A sheet with no cuts and no snow is the canvas a team looks upon before the puck drops to open a season. In the reflection of the glistening surface a team can see itself and wonder what the men in a mirror of ice will accomplish. It’s the great unknown of an NHL season.
Some nine months later this season will culminate in a cluttered and mobbed rink with an executive handing a trophy to a captain for all the world to see. “Will it be us?” is the question every team in the NHL is asking this week.
In Vegas, where Golden Knights GM Kelly McCrimmon has assembled another loaded roster, a positive response to this query has more potential for reality than in most places. While every team can dream, only one wakes up to this reality.
The Golden Knights aren’t built for daydreams. They’re built for banners. And as the 2025–26 season dawns in Vegas, McCrimmon’s mantra – “We’re in the winning business,” rings as true as ever.
When Vegas acquired Mitch Marner in July, eyebrows across the league arched higher than the Strip’s skyline. The move was bold, expensive, and pure McCrimmon.
Marner arrives as one of the league’s most gifted playmakers, joining a center in Jack Eichel who is as powerful as he is cerebral. On paper, it’s a dream mix of acceleration and art. Together, they represent a version of Vegas hockey that’s both threatening and dazzling.
“I’m hoping they’re dangerous every time they’re on the ice,” said Vegas head coach Bruce Cassidy. “They have it in them offensively. I know what they can do defensively. There’s never a worry for me who the matchup is on the other side. And that’s no disrespect to those players but Jack and Mitch have handled those matchups for years in this league.”
Cassidy has experimented with line combinations since taking over the Golden Knights, but he’s never had this kind of chemistry brewing at the top. Around them, Mark Stone, William Karlsson, Pavel Dorofeyev, and Tomas Hertl give Vegas a top nine which glitters.
“Jack and Mitch don’t have to do it all because of the depth of our lineup. I hope they don’t put that pressure on themselves that they have to score every time they go over the boards,” said Cassidy. “This could be the best forward group, Player 1 to 12, that I've ever coached.”
No matter the new arrivals or the shifting pieces, one truth hasn’t changed: the Golden Knights run through Stone.
The captain doesn’t speak in slogans. He lives them. In a locker room filled with stars, Stone’s value lies in habits and an elite hockey IQ. His combination of emotion and smarts has been the franchise’s backbone.
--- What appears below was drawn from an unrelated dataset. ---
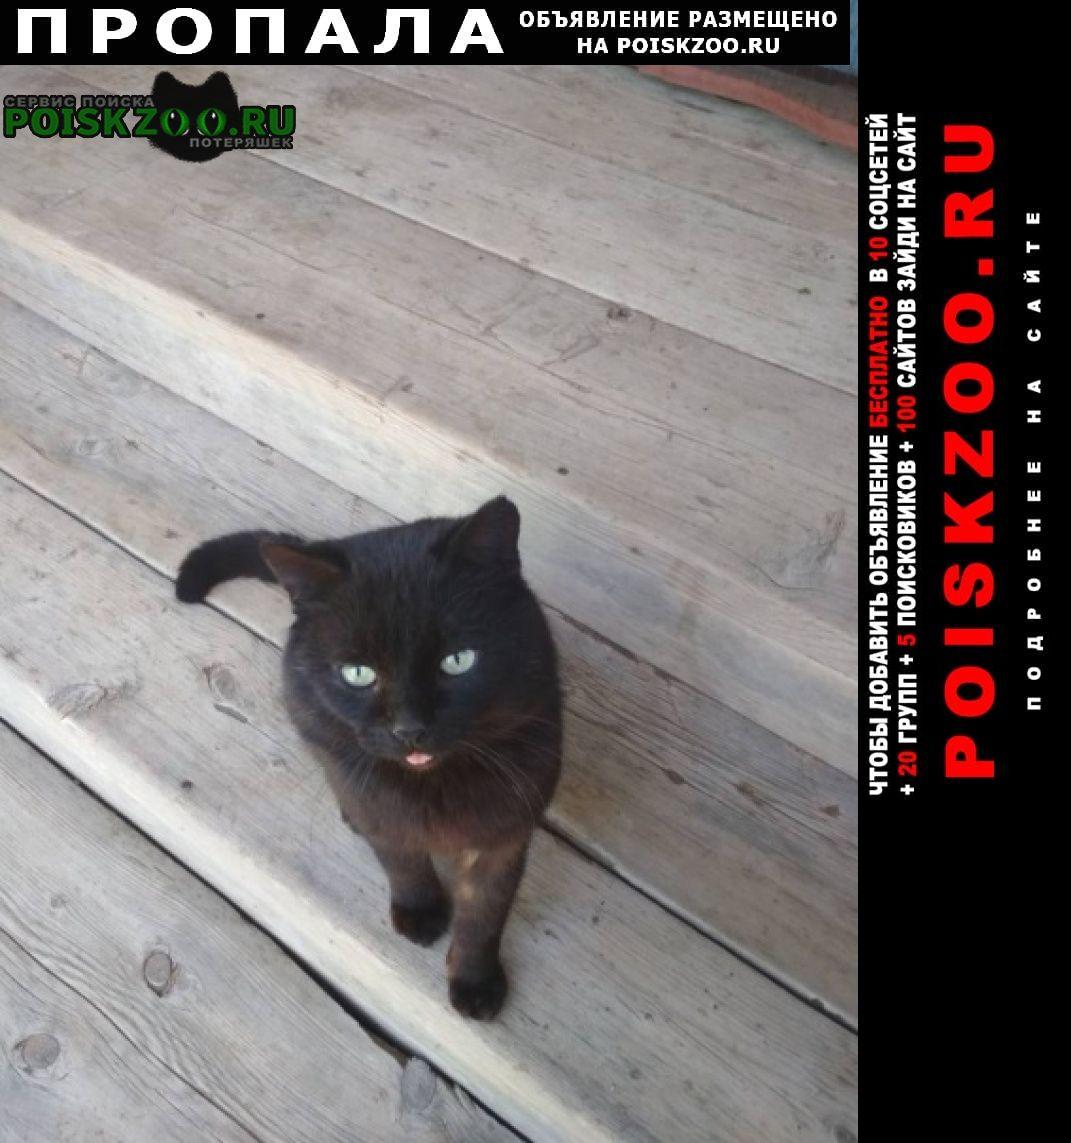 Пропал кот Иловля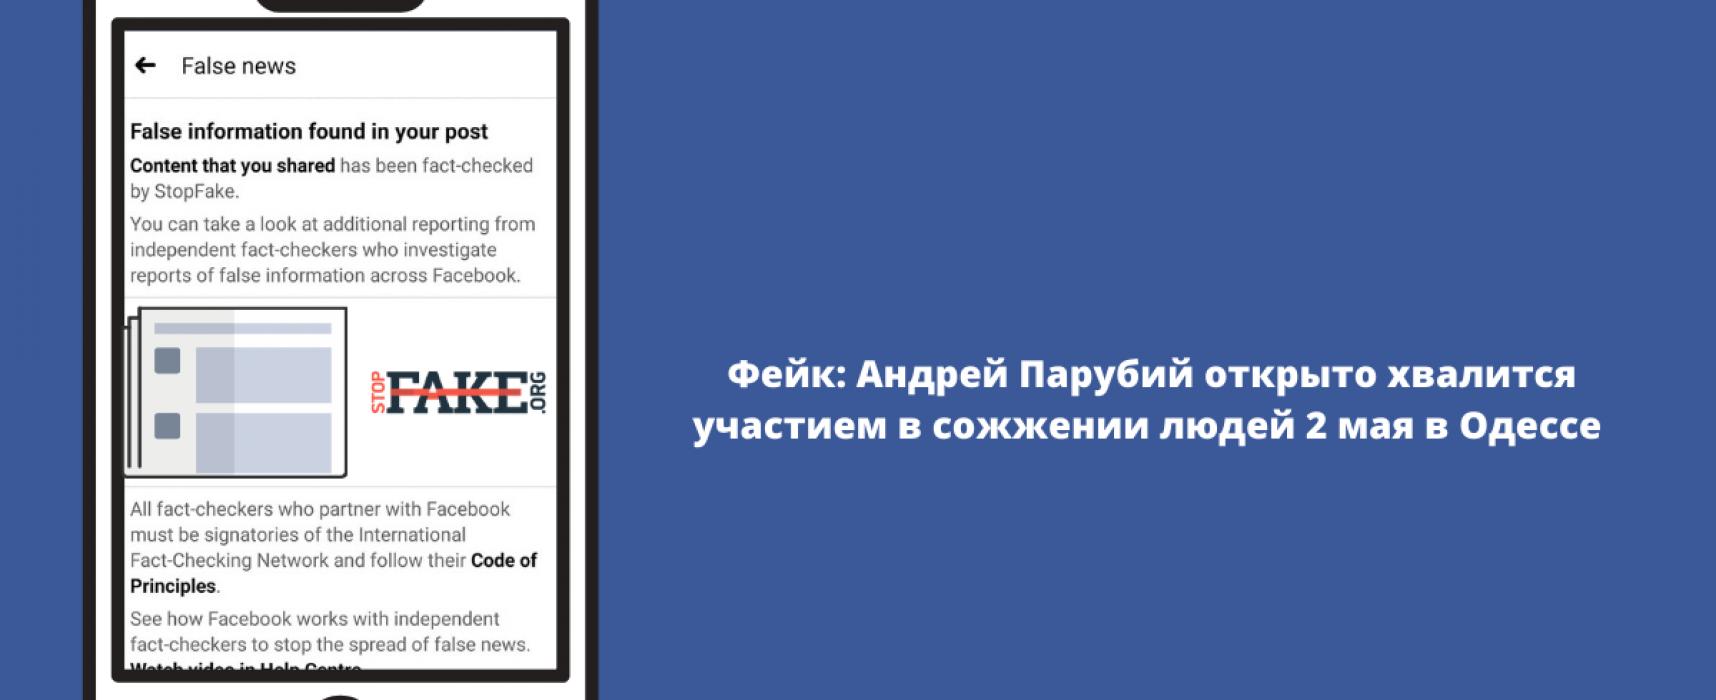 Фейк: Андрей Парубий открыто хвалится участием в сожжении людей 2 мая в Одессе

Now the next generation of VGK defenders must take ownership with Alex Pietrangelo officially out for the season.
Shea Theodore, long one of the NHL’s smoothest skaters, is being asked to evolve. He’ll be on the ice to end a game, to kill penalties all while still having his offensive production.
Noah Hanifin will also need to take a bigger bite of hard minutes. Hanifin is big and mobile. Paired with Zach Whitecloud, they will be able to eat minutes and produce offense.
Together, Theodore and Hanifin form a new nucleus — mobile, composed, and capable of playing 25 minutes a night. It won’t look the same without Pietrangelo, but it might still look elite.
The brilliance of McCrimmon’s tenure has always been in the balancing act. He manages to operate in a world with hard caps and harder choices, yet every October the Knights unveil another competitive roster.
This offseason was no exception. Veteran forwards Brandon Saad and Reilly Smith returned on value deals. Hertl, healthy again, anchors the middle six. Karlsson remains one of the NHL’s most complete two-way pivots, while Brett Howden, Colton Sissons and Keegan Kolesar round out a bottom line that can crash, bash, and score on the counter.
Vegas will once again be among the league’s most balanced outfits — a team that can win 5–4 or 2–1, roll four lines, and play any way the opponent wants.
“In terms of lines 1 to 4, there are a lot of positives in terms of the ability to score, the ability to defend, the ability to check, the ability to be physical, to play a rush game, an o-zone game, a forecheck game,” said Cassidy.
There’s no hiding from it now. In Vegas, mediocrity doesn’t sell. The city expects a lot. Ownership expects more. The players crave it.
The challenge is emotional as much as physical. Long playoff runs take a toll. The mental grind of 82 games followed by two months of elimination hockey can flatten the unprepared.
Training camp optimism is a cliché in most markets. In Vegas, it’s measured against reality. The Golden Knights are older, wiser, and maybe a little scarred — but they remain ever dangerous.
The dressing room still hums with belief.
Nine seasons in, novelty has morphed into hunger.
That’s the beauty of this organization’s DNA: it refuses to accept the ordinary. Every transaction, every signing, every camp battle is about keeping the standard high.
And as the lights return to T-Mobile Arena, as the drumline starts to beat and the fans fill the bowl, you can feel it again — that crackle of belief that this could be another special year.
The sheet is still clean. The reflection still glistens. The question still echoes.
Why not us?
In Vegas, that’s not a slogan. It’s a plan.